On peut s’en rendre compte également dans le code behind de la page où Visual Studio a généré une classe partielle du même nom que le fichier XAML et qui dérive de PhoneApplicationPage :

public partial class MainPage : PhoneApplicationPage
{
    // Constructeur
    public MainPage()
    {
        InitializeComponent();
    }

    private void Button_Tap_1(object sender, System.Windows.Input.GestureEventArgs e)
    {
        Resultat.Text = "Bonjour " + Nom.Text;
    }
}

Pourquoi partielle ? Parce qu’il existe un autre fichier dans votre projet. Ce fichier est caché mais on peut l’afficher en cliquant sur le bouton en haut de l’explorateur de solution (voir la figure suivante).

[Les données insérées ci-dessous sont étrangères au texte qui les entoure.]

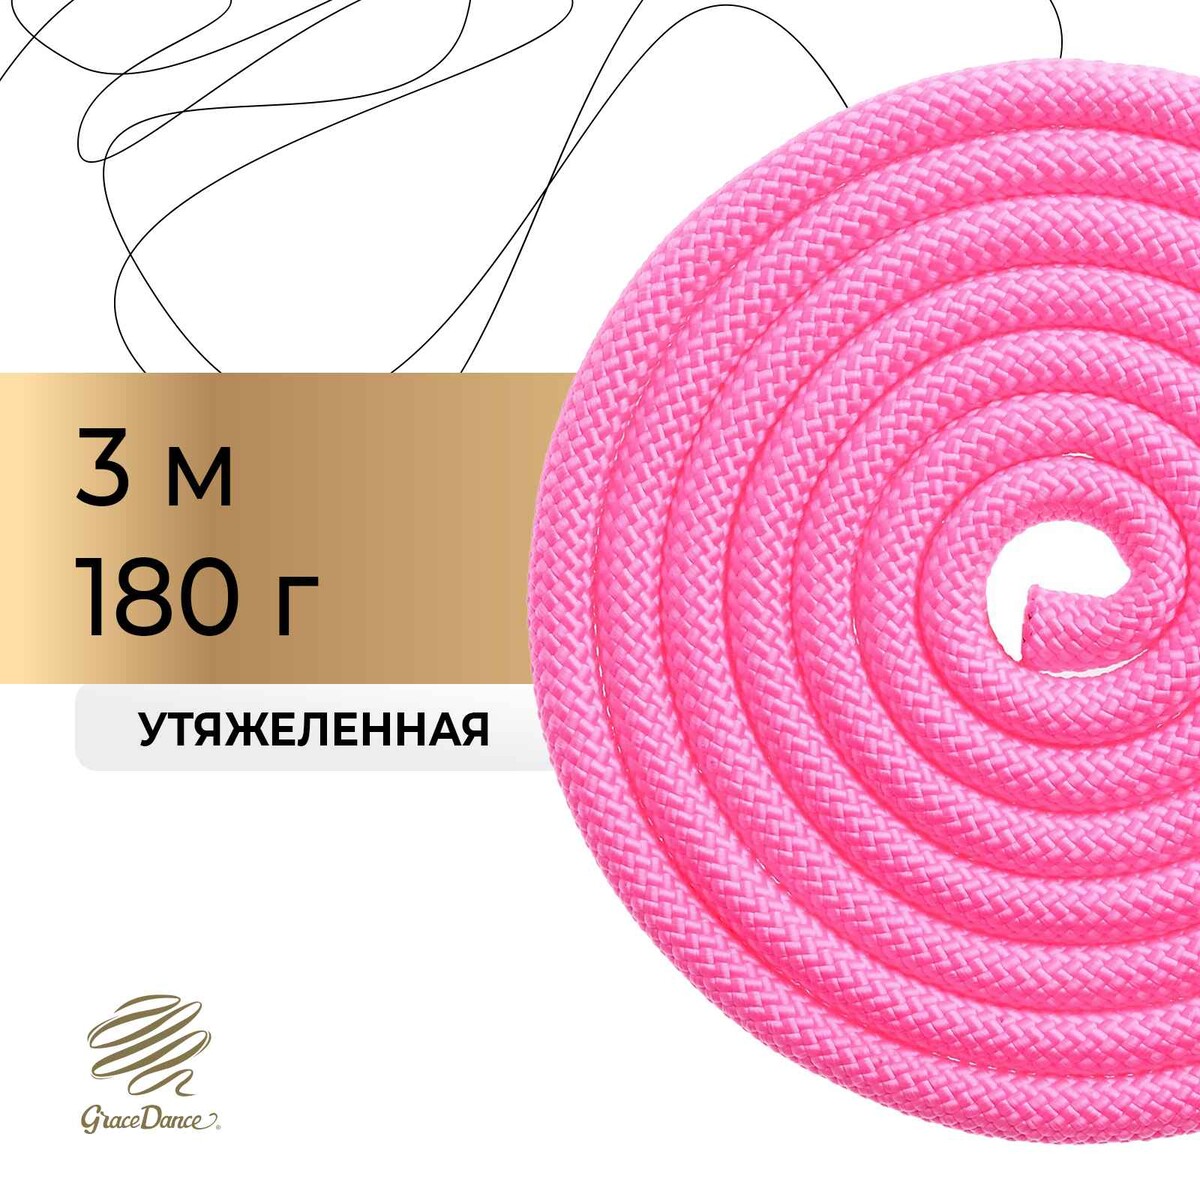 Скакалка для художественной гимнастики утяжеленная grace dance, 3 м, цвет розовый

Affichage des fichiers cachés dans l'explorateur de solutions
Affichage des fichiers cachés dans l'explorateur de solutions

Et nous pouvons voir notamment un répertoire obj contenant un répertoire debug contenant le fichier MainPage.g.i.cs. Si vous l’ouvrez, vous pouvez trouver le code suivant :

public partial class MainPage : Microsoft.Phone.Controls.PhoneApplicationPage 
{
    internal System.Windows.Controls.Grid LayoutRoot;
    internal System.Windows.Controls.StackPanel TitlePanel;
    internal System.Windows.Controls.Grid ContentPanel;
    internal System.Windows.Controls.TextBox Nom;
    internal System.Windows.Controls.TextBlock Resultat;
        
    private bool _contentLoaded;
        
    /// <summary>
    /// InitializeComponent
    /// </summary>
    [System.Diagnostics.DebuggerNonUserCodeAttribute()]
    public void InitializeComponent() 
    {
        if (_contentLoaded) 
        {
            return;
        }
        _contentLoaded = true;
        System.Windows.Application.LoadComponent(this, new System.Uri("/HelloWorld;component/MainPage.xaml", System.UriKind.Relative));
        this.LayoutRoot = ((System.Windows.Controls.Grid)(this.FindName("LayoutRoot")));
        this.TitlePanel = ((System.Windows.Controls.StackPanel)(this.FindName("TitlePanel")));
        this.ContentPanel = ((System.Windows.Controls.Grid)(this.FindName("ContentPanel")));
        this.Nom = ((System.Windows.Controls.TextBox)(this.FindName("Nom")));
        this.Resultat = ((System.Windows.Controls.TextBlock)(this.FindName("Resultat")));
    }
}

Il s’agit d’une classe qui est générée lorsqu’on modifie le fichier XAML. Ne modifiez pas ce fichier car il sera re-généré tout le temps. On peut voir qu’il s’agit d’une classe MainPage, du même nom que la propriété x:Class de tout à l’heure, qui s’occupe de charger le fichier XAML et qui crée des variables à partir des contrôles qu’il trouvera dedans.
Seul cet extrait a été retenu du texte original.